= Observer pattern =

Software design pattern based on an event-updated object with a list of dependents

In software design and software engineering, the observer pattern is a software design pattern in which an object, called the subject (also known as event source or event stream), maintains a list of its dependents, called observers (also known as event sinks), and automatically notifies them of any state changes, typically by calling one of their methods. The subject knows its observers through a standardized interface and manages the subscription list directly.

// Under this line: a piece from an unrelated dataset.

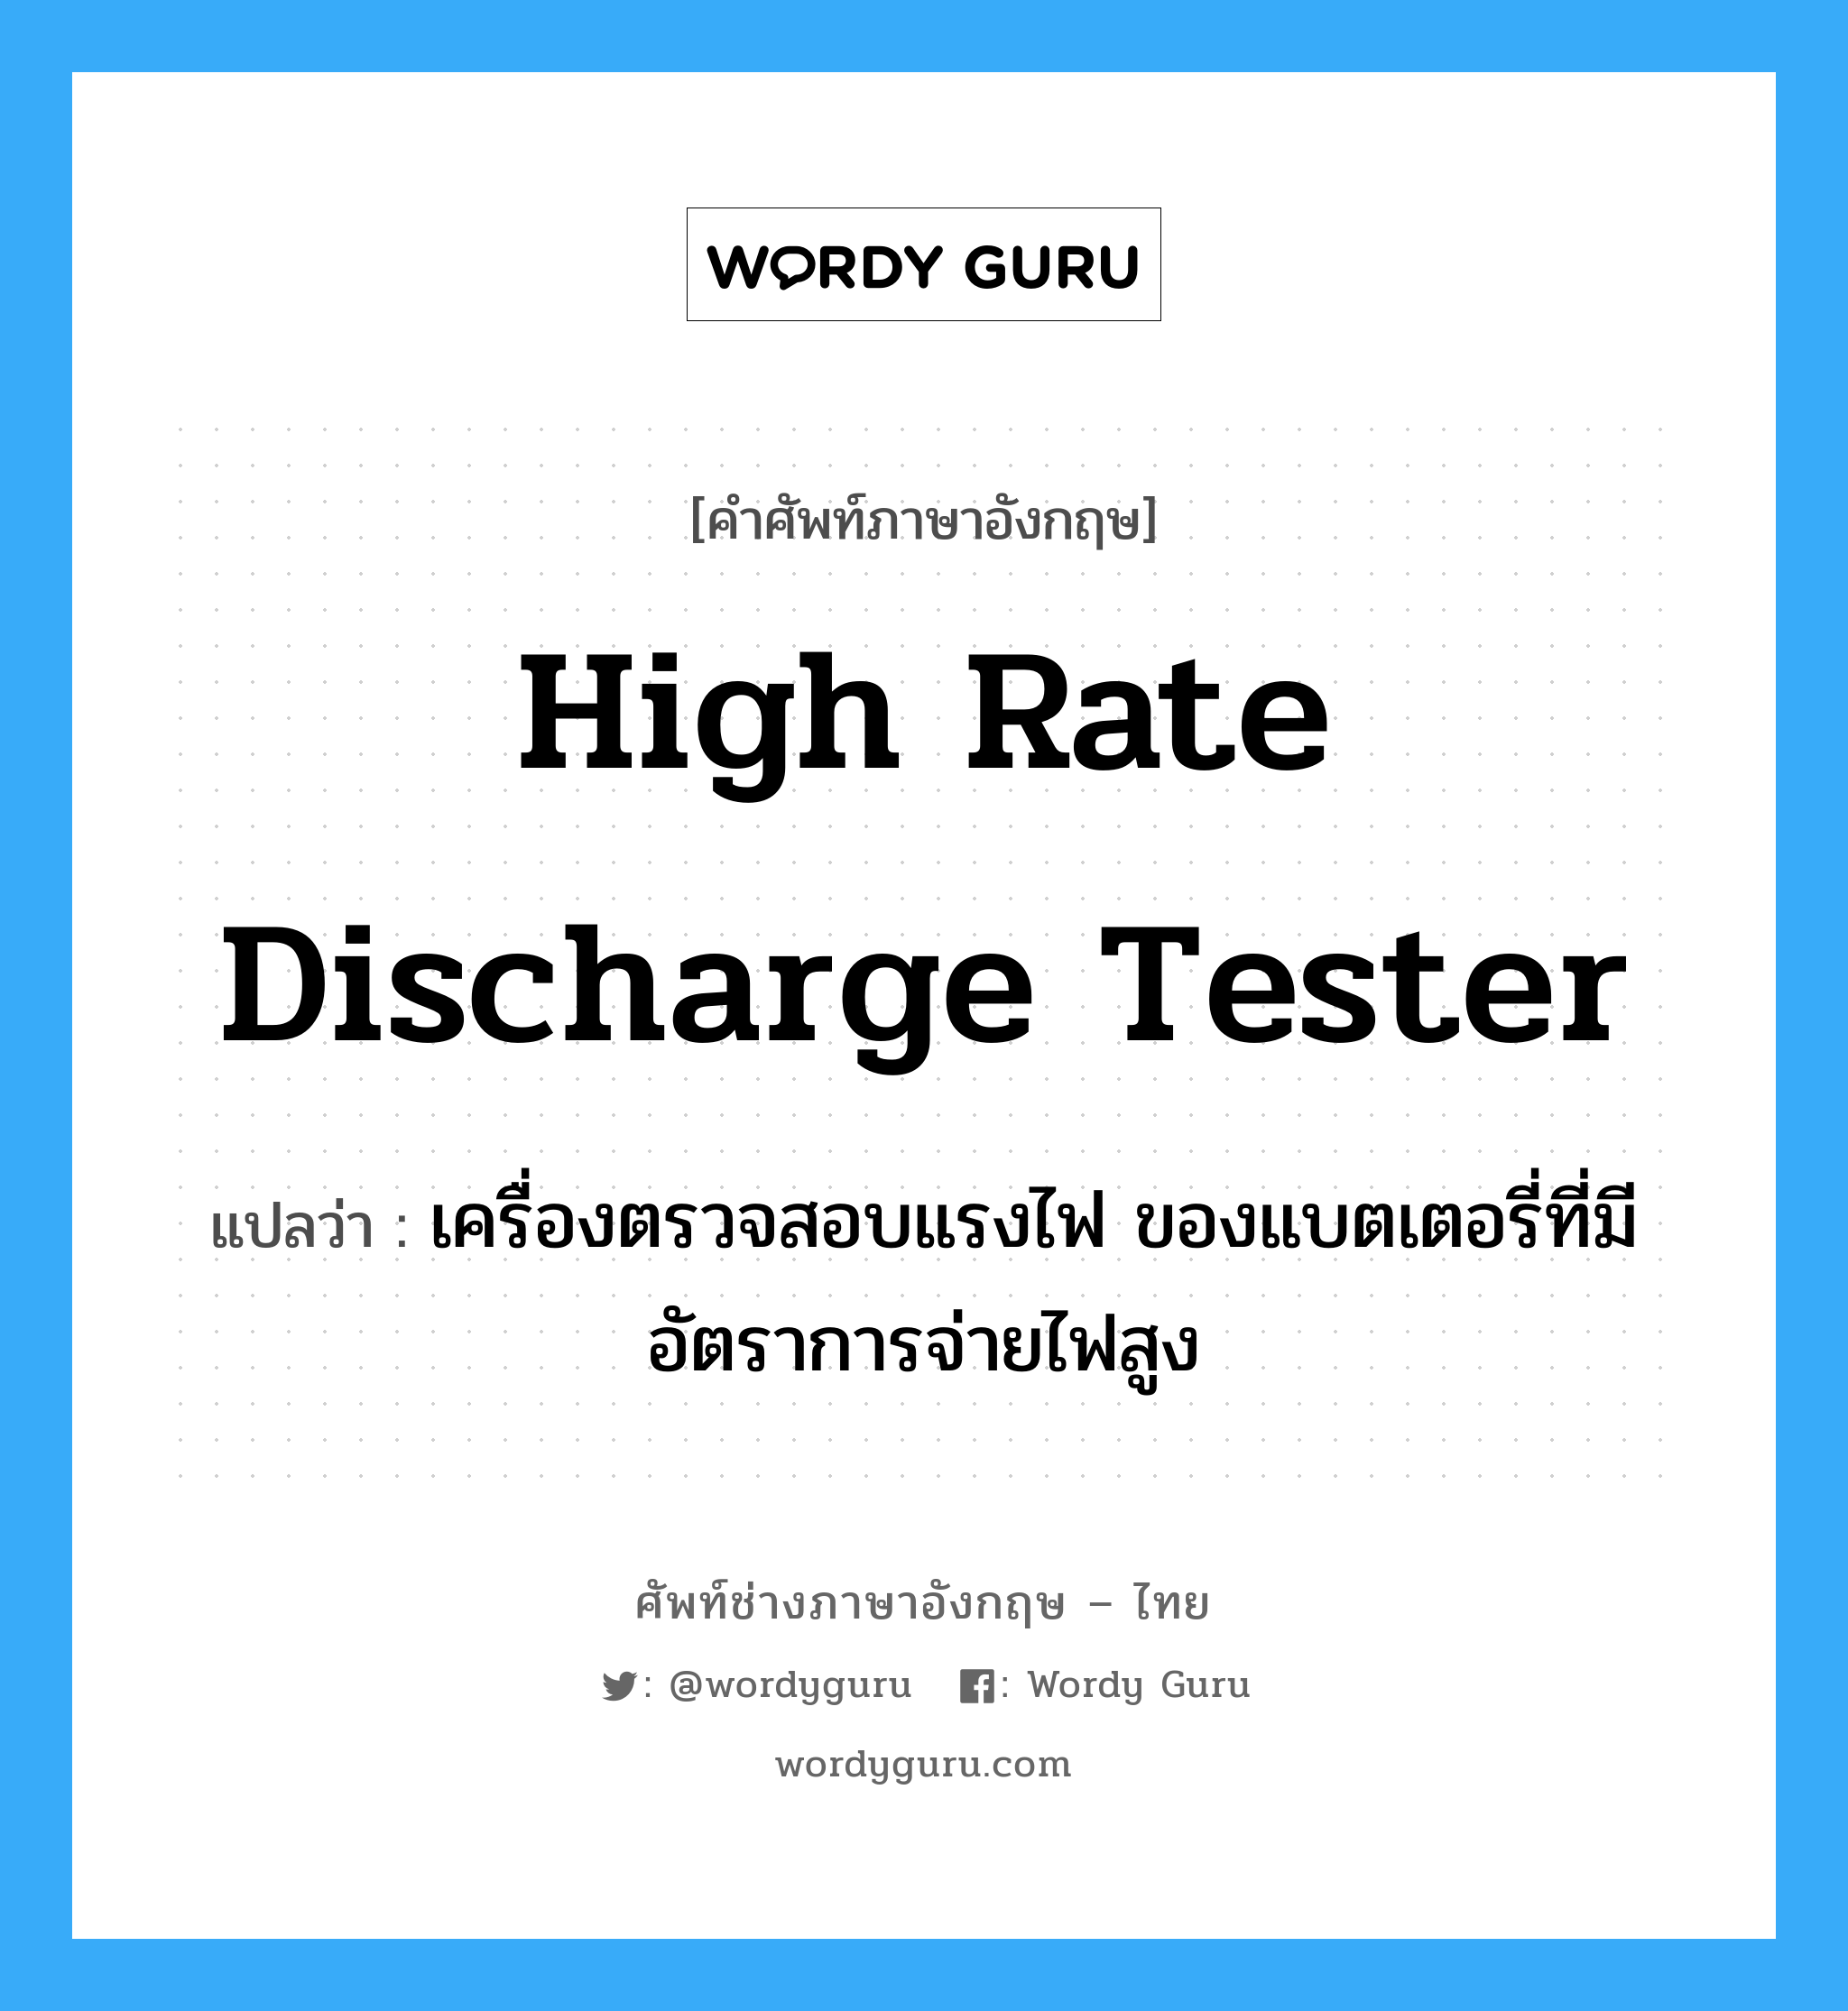 high rate discharge tester แปลว่า?, คำศัพท์ช่างภาษาอังกฤษ - ไทย high rate discharge tester คำศัพท์ภาษาอังกฤษ high rate discharge tester แปลว่า เครื่องตรวจสอบแรงไฟ ของแบตเตอรี่ที่มีอัตราการจ่ายไฟสูง

This pattern creates a one-to-many dependency where multiple observers can listen to a single subject, but the coupling is typically synchronous and direct—the subject calls observer methods when changes occur, though asynchronous implementations using event queues are possible. Unlike the publish-subscribe pattern, there is no intermediary broker; the subject and observers have direct references to each other.

It is commonly used to implement event handling systems in event-driven programming, particularly in-process systems like GUI toolkits or MVC frameworks. This makes the pattern well-suited to processing data that arrives unpredictably—such as user input, HTTP requests, GPIO signals, updates from distributed databases, or changes in a GUI model.

==Overview==
The observer design pattern is a behavioural pattern listed among the 23 well-known "Gang of Four" design patterns that address recurring design challenges in order to design flexible and reusable object-oriented software, yielding objects that are easier to implement, change, test, and reuse.

The observer pattern addresses the following requirements:

- A one-to-many dependency between objects should be defined without making the objects tightly coupled.
- When one object changes state, an open-ended number of dependent objects should be updated automatically.
- An object can notify multiple other objects.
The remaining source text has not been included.